Figure 3. Meta-analysis of the interaction between fish intake and the SNP rs2273697 in ABCC2 on cord blood mercury concentrations, presented as beta values for carriers of AG or AA genotypes vs. GG genotype.

Figure 3

Figure 2. Meta-analysis of the interaction between fish intake and rs11075290 in ABCC1 on cord blood mercury concentrations, presented as beta values for carriers of TC (A) and TT (B) vs. CC genotype.

Figure 2

The same models were then performed in a pooled data analysis (Table 3). Statistically significant interactions were found for fish intake and ABCB1 rs2032582, ABCC1 rs11075290, and ABCC2 rs2273697 and the effect estimates for the genotypes showed a similar direction as in the meta-analysis. Adjustment for influential variables did not change the results (Table 3). We performed a sensitivity analysis by excluding individuals from Italy and Greece with the A allele for the SNP rs2032582 (n = 26 and n = 19, respectively) and this did only affect the effect estimates marginally and not the significance level (not in table).

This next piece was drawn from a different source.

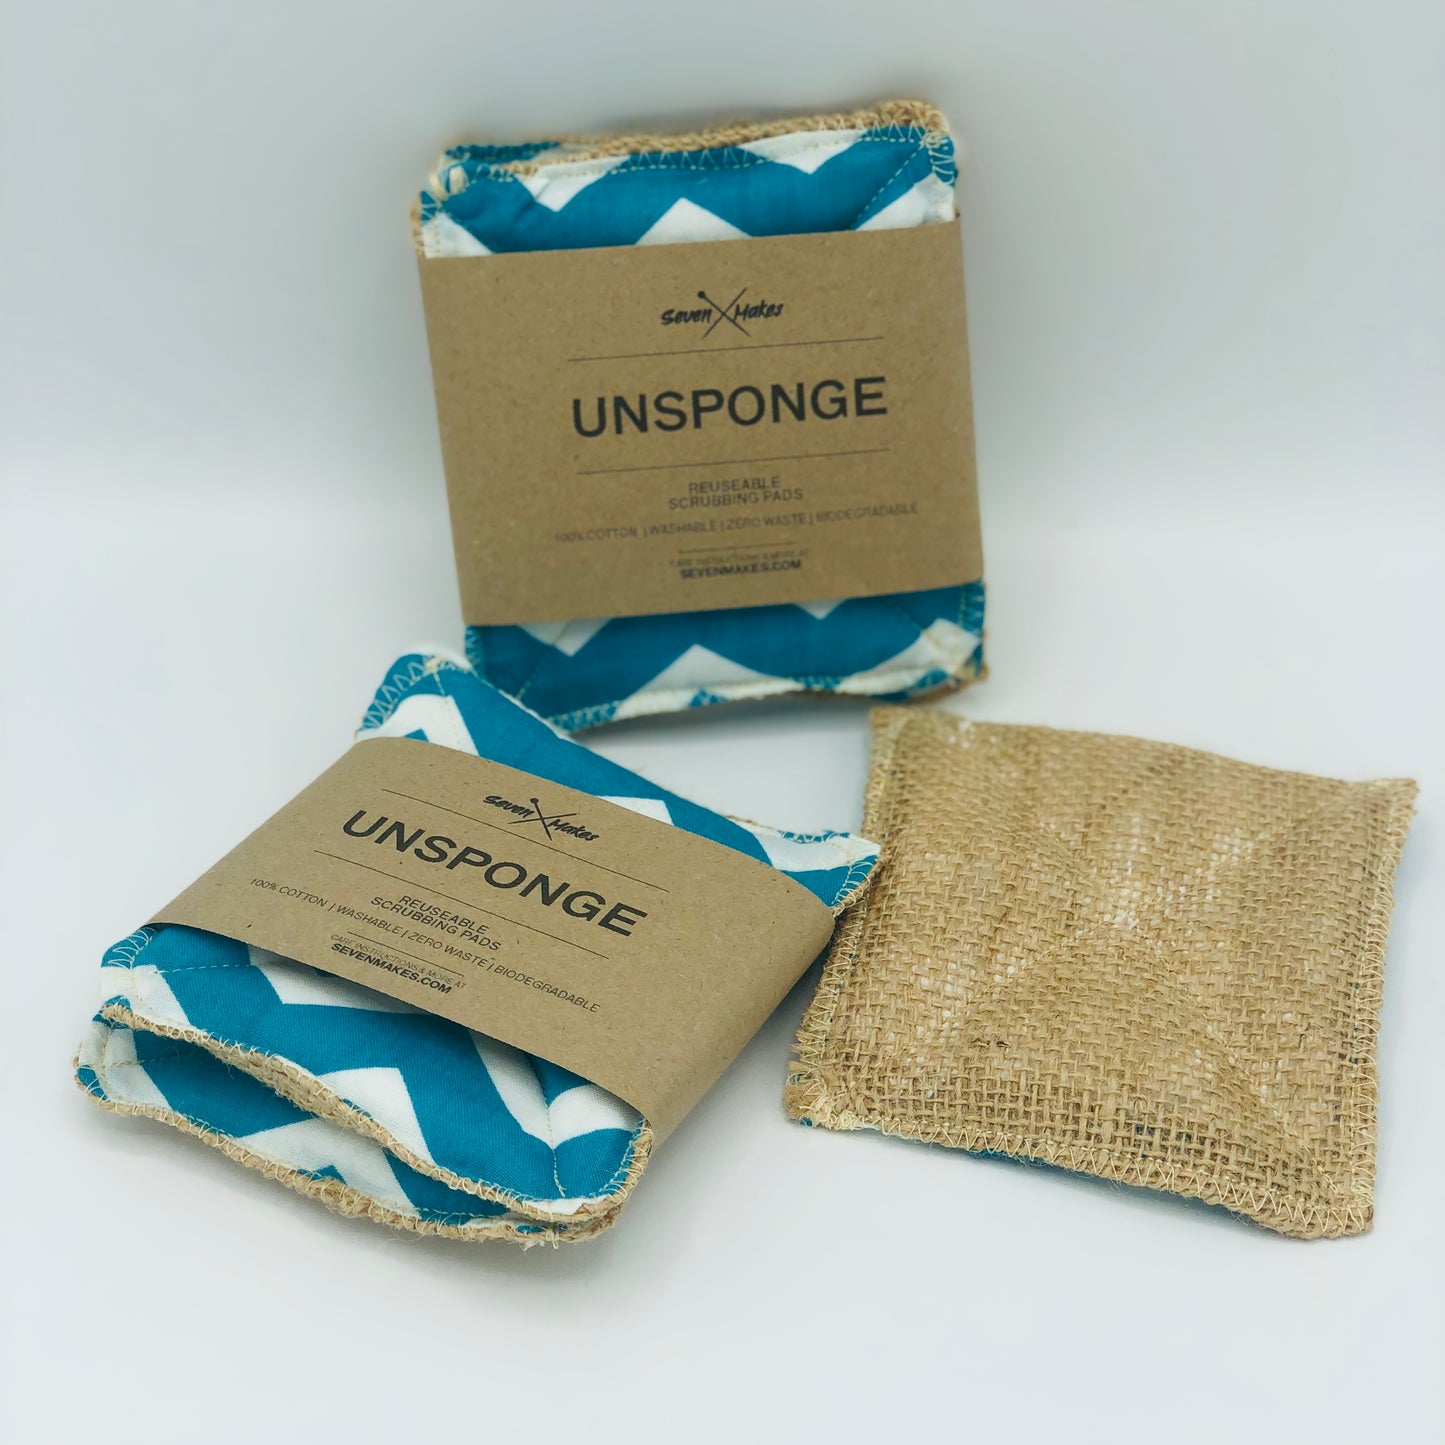 UnSponges - Wee Biodegradable Scrubbers for Pots and Pans, Surfaces and Stuff!

Table 3. A pooled analysis of associations between a doubling in fish intake during pregnancy and cord blood mercury concentrations.

Unadjusted modelsa , b Adjusted modelsc , d
beta p-value beta p-value
All newborns 0.52 (0.44, 0.59) 0.50 (0.41, 0.59)
rs3905000 ( ABCA1 )
GG 0.51 (0.42, 0.59) 0.668 0.52 (0.37, 0.68) 0.721
GA+AA 0.55 (0.40, 0.70) 0.53 (0.37, 0.68)
rs2032582 ( ABCB1 )
GG 0.74 (0.60, 0.87) <0.001 0.70 (0.56, 0.85) <0.001
GT 0.45 (0.35, 0.56) 0.45 (0.34, 0.56)
TT 0.25 (0.07, 0.43) 0.27 (0.08, 0.46)
rs11075290 ( ABCC1 )
CC 0.65 (0.49, 0.81) 0.025 0.63 (0.47, 0.80) 0.012
TC 0.54 (0.42, 0.65) 0.55 (0.43, 0.66)
TT 0.39 (0.26, 0.52) 0.36 (0.22, 0.50)
rs2273697 ( ABCC2 )
GG 0.45 (0.35, 0.54) 0.048 0.45 (0.35, 0.55) 0.038
GA+AA 0.63 (0.51, 0.75) 0.62 (0.50, 0.74)

p-value for the interaction term between log2-fish intake and genotype.

a

Unadjusted model: Log2 Hg∼α+β Log2fish intake +γ cohort.

b

Adjusted by cohort.

c

Adjusted model: Log2 Hg∼α+β Log2fish intake +γ cohort +δ covariates.

d

Adjusted by cohort, maternal age, maternal educational level, maternal employment status, country of birth, parity, and weeks of gestation.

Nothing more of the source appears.